About the piece on her lower back, Margaret filled us in:
"The tattoo on my lower back was done almost 11 years ago at a studio in Pittsburgh called Z Spot, which has changed locations and owners since and is now called Alter Ego. I'm about 95% certain the woman who did the tattoo (which I designed) no longer works there. It was more of a 'yay, I'm 18 and can get a tattoo now!' sort of tattoo, but I still love it and am very glad I decided to get that first tattoo." 
Margaret also shared this photo of her thigh:


and she explains:
"This particular tattoo is ... by Terence Kauffman at Kink'd Ink Studio in Windber, PA. It started as a tribute to my poetry press, Hyacinth Girl Press, with the hyacinth at the bottom of the tattoo, and has grown into a whole garden, which will eventually extend up my ribcage.

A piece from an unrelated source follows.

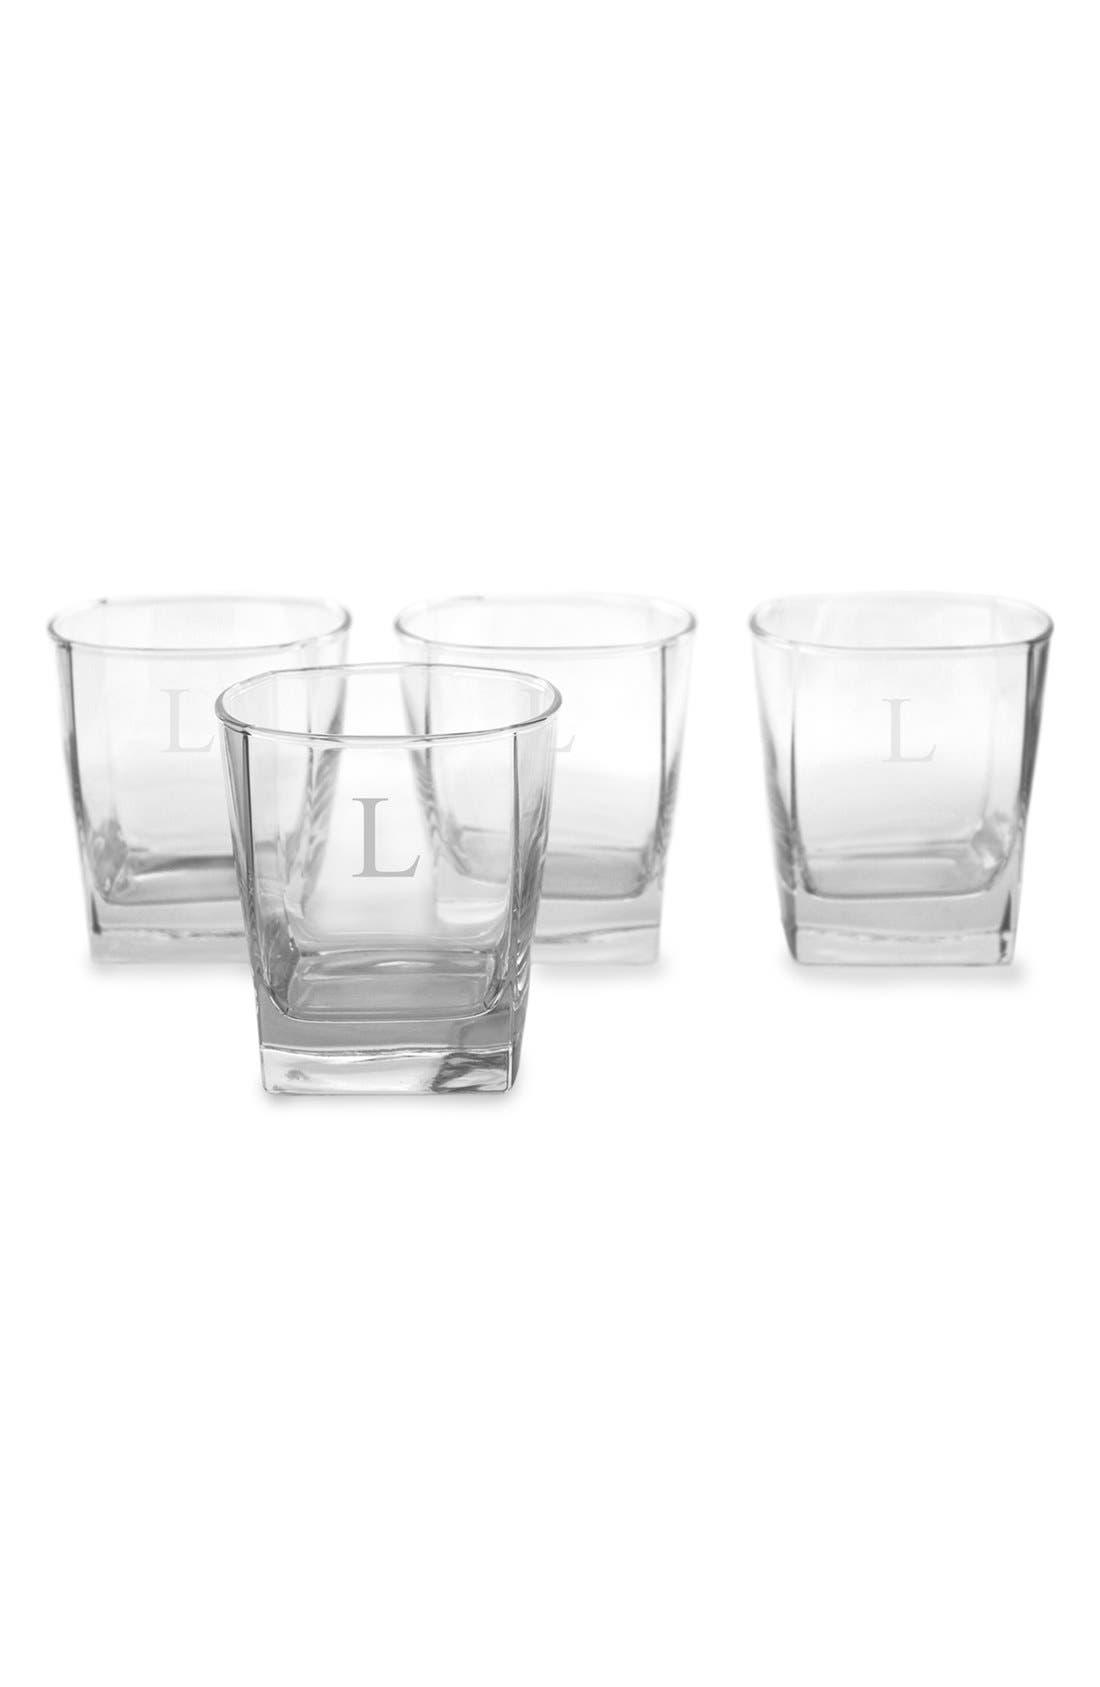 Main Image - Cathy's Concepts Monogram Rocks Glasses (Set of 4)

There are two lines of text hidden in the tattoo - in the stem of the hyacinth is the line 'Let us love, since our heart is made for nothing else' which was written by Saint Thérèse of Lisieux, and on one of the leaves are the lines 'yes the pun's/the devil's work, but God made language/let him in' by the poet Niina Pollari. The lines are from a poem in her chapbook, Book Four, which I published in 2011. The flowers in the tattoo (daffodil, hyacinth, tulip, cornflower, lily of the valley, and poppy) are all flowers that my mother grew in her garden when I was growing up, and all the flowers I plan to add are in the same theme."
I am grateful for Margaret sending these photos and, accompanying them is this poem she sent, as well:

These are the small moments when you know you love

When the legs that tremble are not mine,
when I have not spoken in days,
when the last taste on my tongue
is the sour of coffee

the mountain opens its mouth and I step in.

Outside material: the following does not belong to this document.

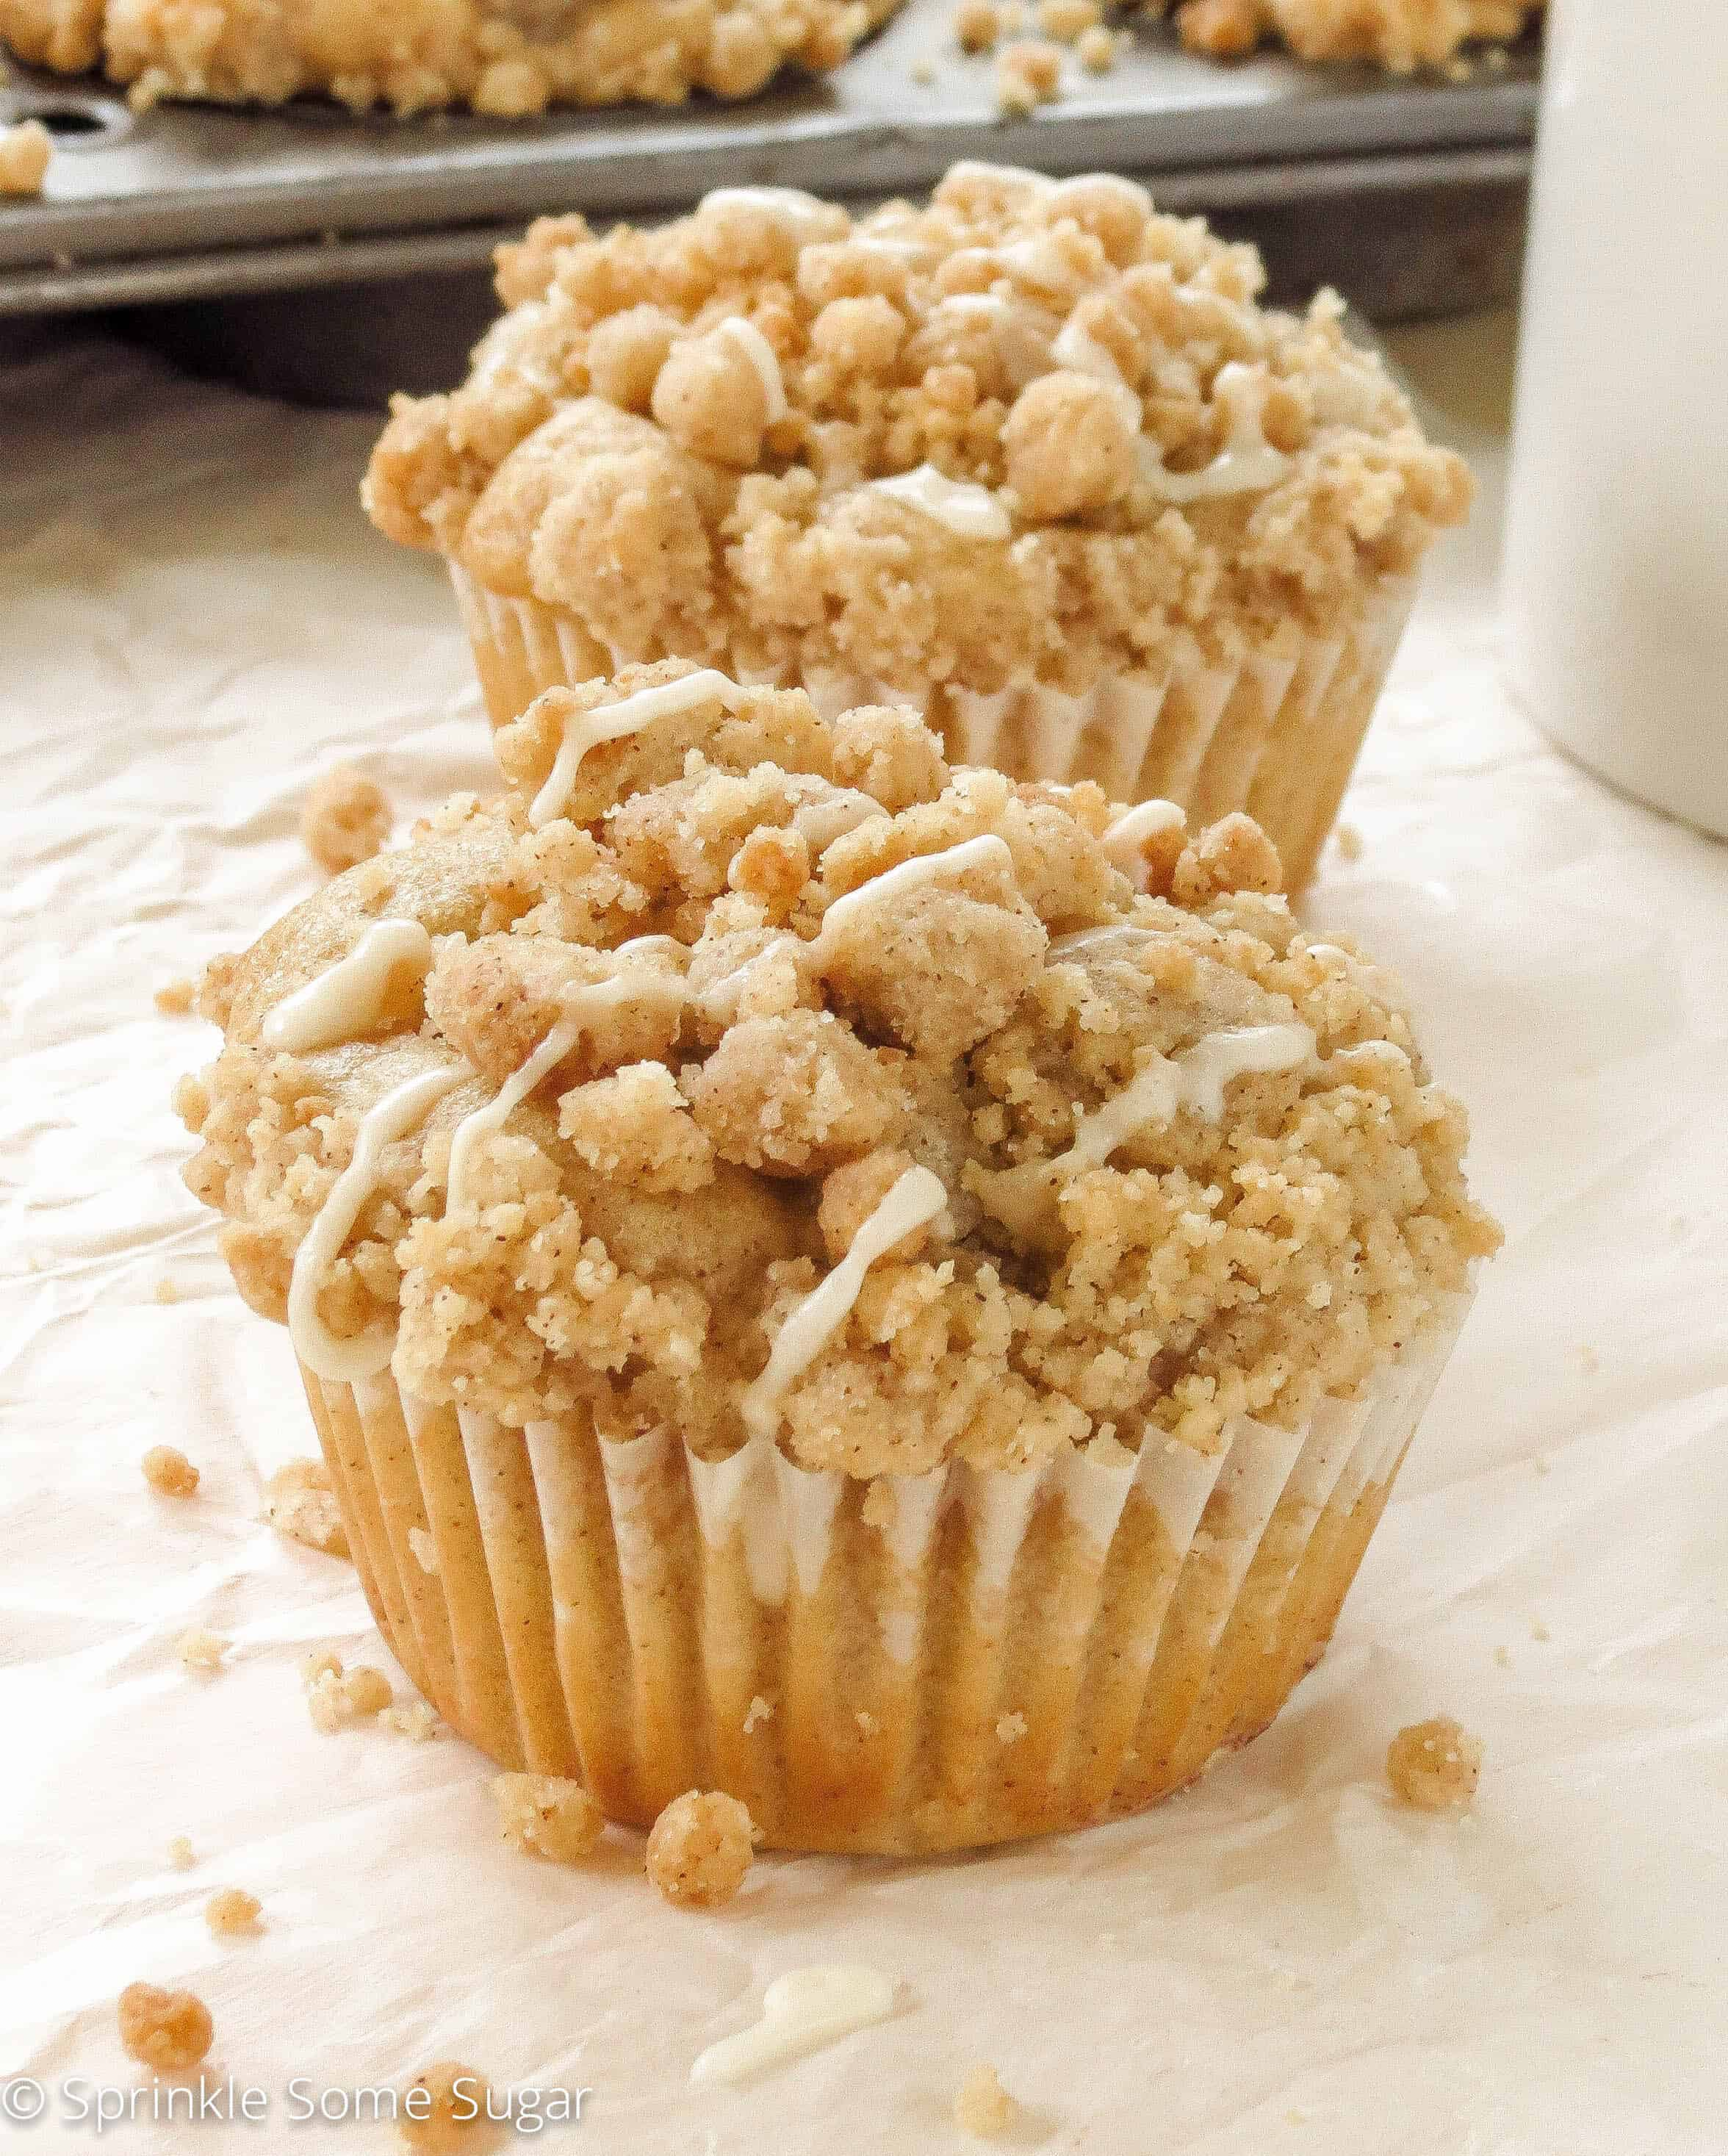 Cinnamon Swirl Coffee Cake Muffins - Sprinkle Some Sugar

See, these are the tunnels
you must hold your breath through,
these the traffic signals that will always
make you lift your hands from the wheel,
tell you to make another wish.

You are where I go when I think I know myself,
to remind me I never can,
that there is always a new scar
to discover at the back of my thigh,
always a new lust to draw
like a needle down my back.

I am full of torn up stamens,
petals chewed to pulp.

I watch your hands grey as the days pass,
I see your hands in the fire.
They snatch the hummingbird from it.\

I've rolled this sun,
these broken branch tips
into a ball to slip
beneath your mattress.
I will keep you awake at night,
coax out your royalty.

I know you want to be suspended in the air,
full of spells or something like them,
that you see a warm blanket as the first step
toward seduction, and a badly timed joke
as the second.

Maybe we all do the same things to each other -
cut our teeth on one another's scapula,
scrape at each other's signatures with a straight razor.

Swing your legs over the edge with me and you will feel the planet
as it tries to shrug you off,
the whiplash of elliptical orbit.

~ ~ ~
That lovely poem first appeared in Menacing Hedge (click through to hear Margaret reading the above poem, along with two others).

Margaret Bashaar's second chapbook, Letters from Room 27 of the Grand Midway Hotel, was published by Blood Pudding Press in 2011. Her poetry has also appeared in or is forthcoming from journals such as Caketrain, New South, Copper Nickel, Menacing Hedge, and RHINO, among others. She lives in Pittsburgh, PA where she edits Hyacinth Girl Press and collects antique typewriters, which may be haunted by ghosts or demons.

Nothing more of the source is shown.